Taking local backups is still a good idea in any of those scenarios. (Be sure to use a different drive for the backups, or a drive failure can lose both copies.) Be aware that local backups can only back up what's local, so optimized photos will have backups that are also reduce in resolution.


I think I've covered all of your questions, if not directly or in order. Feel free to ask more specific questions.

Apr 7, 2020 10:04 PM in response to markwmsn

Thanks for your detailed explanation.


The answer to most of your questions depends on the details of how you intend to do it. Would you be storing your entire library on the external drive, dividing it into one library on the internal and one on the external, or just moving some of the photos into Finder folders on the external drive. - At this stage, planning to store entire library as a stand alone.


If you divide your library, at most one of the two can be your System Photo Library and attached to iCloud Photos. Normally, that would be the library on the internal drive; the library on the external drive would be a stand-alone library. Any photos outside of the System Photo Library, including those in Finder folders, would not be reflected in iCloud Photos. Ok


Having a library enabled for iCloud Photos does not by itself save any space on local disk. If you also enable the Optimize Mac Storage sub option, then Photos may save some space by reducing the resolution of the local copies of some photos when storage on that disk gets low. This is completely automated; there are few ways to affect how many photos are optimized to lower resolution, or which ones.Yep - seen that.


Calling iCloud Photos a backup is not strictly accurate. The cloud version of the library becomes the master copy, and the local library (or libraries if you have multiple devices) slave to it. Ok.


Taking local backups is still a good idea in any of those scenarios. (Be sure to use a different drive for the backups, or a drive failure can lose both copies.) Be aware that local backups can only back up what's local, so optimized photos will have backups that are also reduce in resolution. Ok.


Can you then point me in the right direction to save to my external drive or is it simple as copy and paste ?



Apr 15, 2020 11:23 PM in response to markwmsn

Thanks.


Copied all the photo's on the ext drive.


And have run basic tests to make sure that it worked.


If the one on the external disk is to be the only library going forward, make it your System Photo Library. (That setting is in Photos > Preferences... > General. It's a button with the text "Use as System Photo Library" that goes gray when you click on it.


However, cant seem to find photo's/ prefs or a button that has a text of ' Use as System photo library ' ?


Only have a folder called Picture 's in both the HD or the Ext Drive ?


Have I missed something ?




Apr 16, 2020 4:02 AM in response to markwmsn

markwmsn wrote: ....
Be aware that local backups can only back up what's local, so optimized photos will have backups that are also reduce in resolution.
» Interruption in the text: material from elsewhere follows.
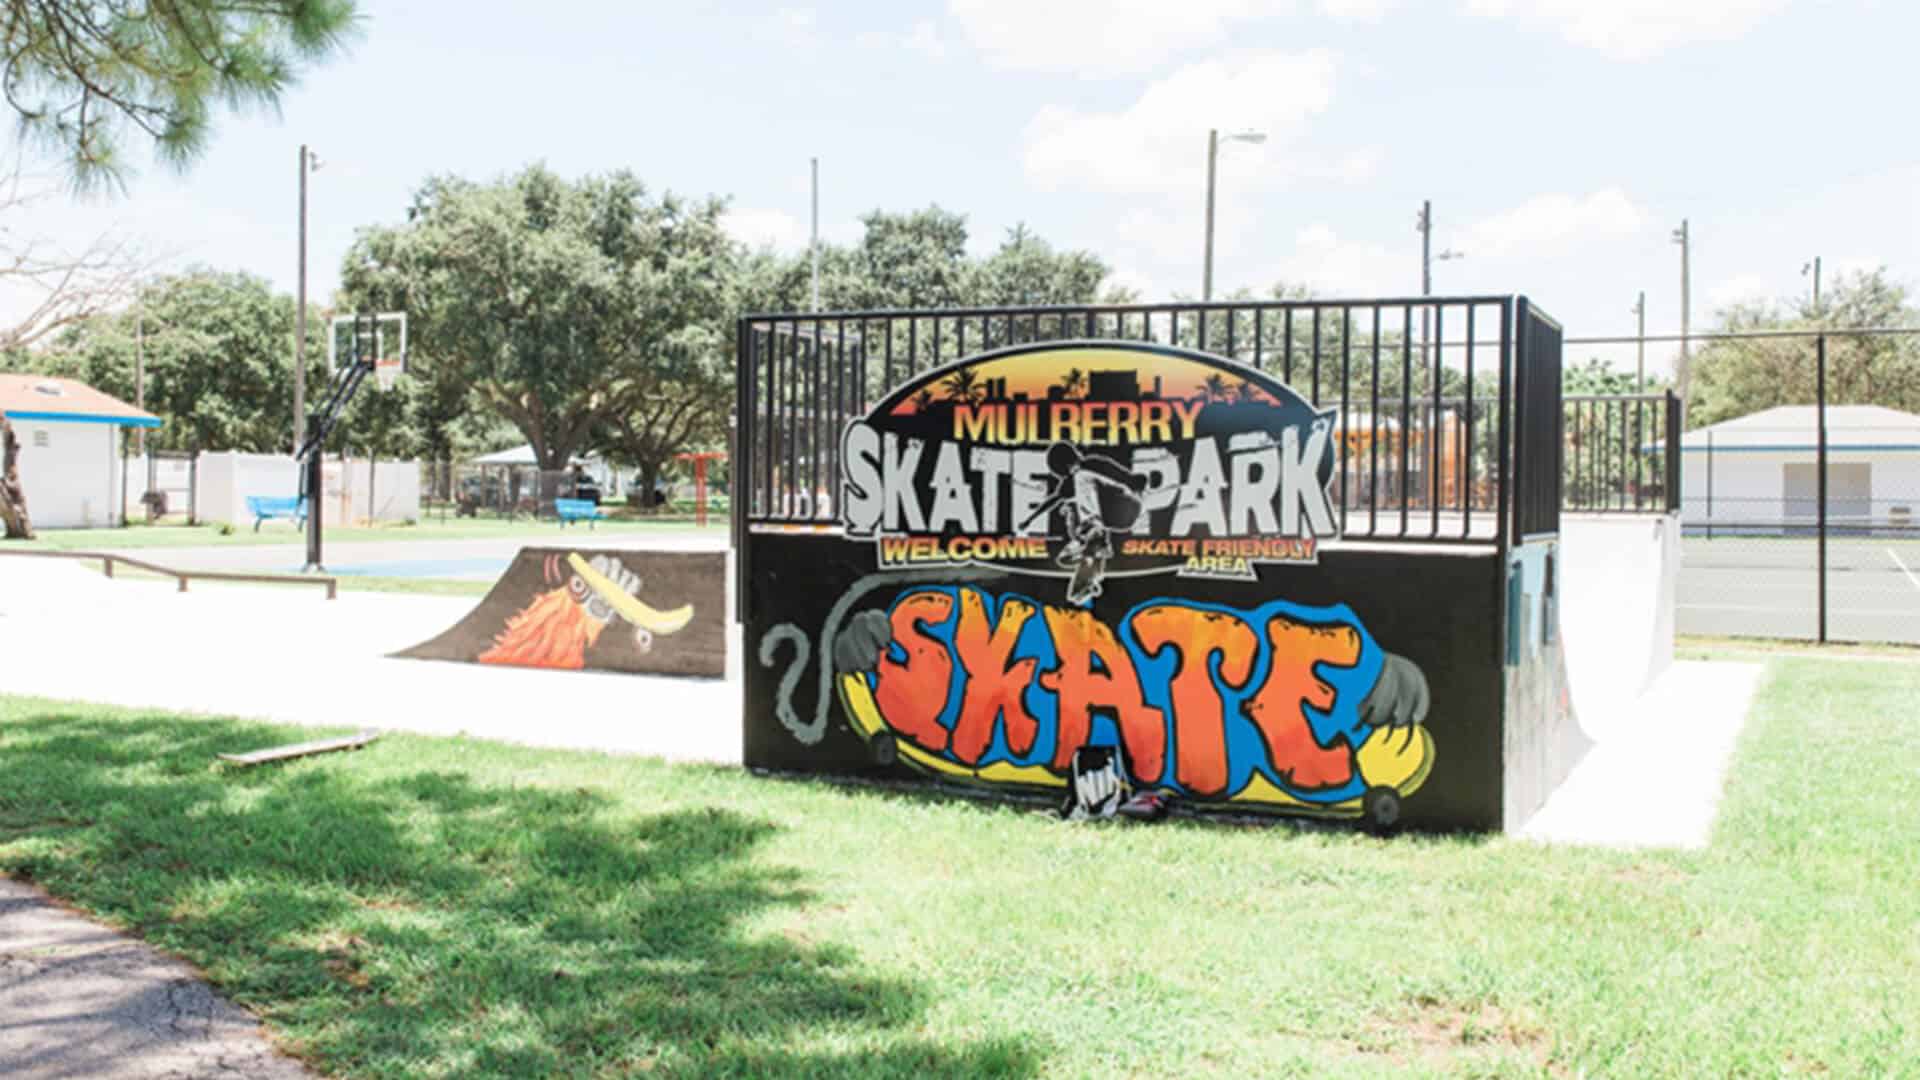 Mulberry Skate Park

It is worse than that, Mark: as soon as you open a restored Photos Library from a backup with optimised versions, the optimised versions will be removed completely. There will be missing items in the albums and projects, the metadata for the optimised versions will be lost. You will not even have the optimised version as a placeholder. We need to make regularly a download of the full library to an external volume to have a backup, preferably on a different Mac or at least from a different user account, so we do not need to turn off iCloud Photos for our main user account.


Apr 16, 2020 4:34 PM in response to léonie

Thanks for the information, léonie, ghastly as it is. If that happens even with Time Machine restores, that should be reported to Apple as a bug. (It's hard to know where a similar issue with a third-party restore should be reported.)


I have not had occasion to run a test restore of an optimized library. Are you speaking from direct experience?


I do make sure that one of my Macs keeps a full library available for backup purposes. (At least, to the extent possible with no visible indicator of whether the set of full-resolution images is complete.)


I'll change the way I caution other users about the dangers of optimized libraries.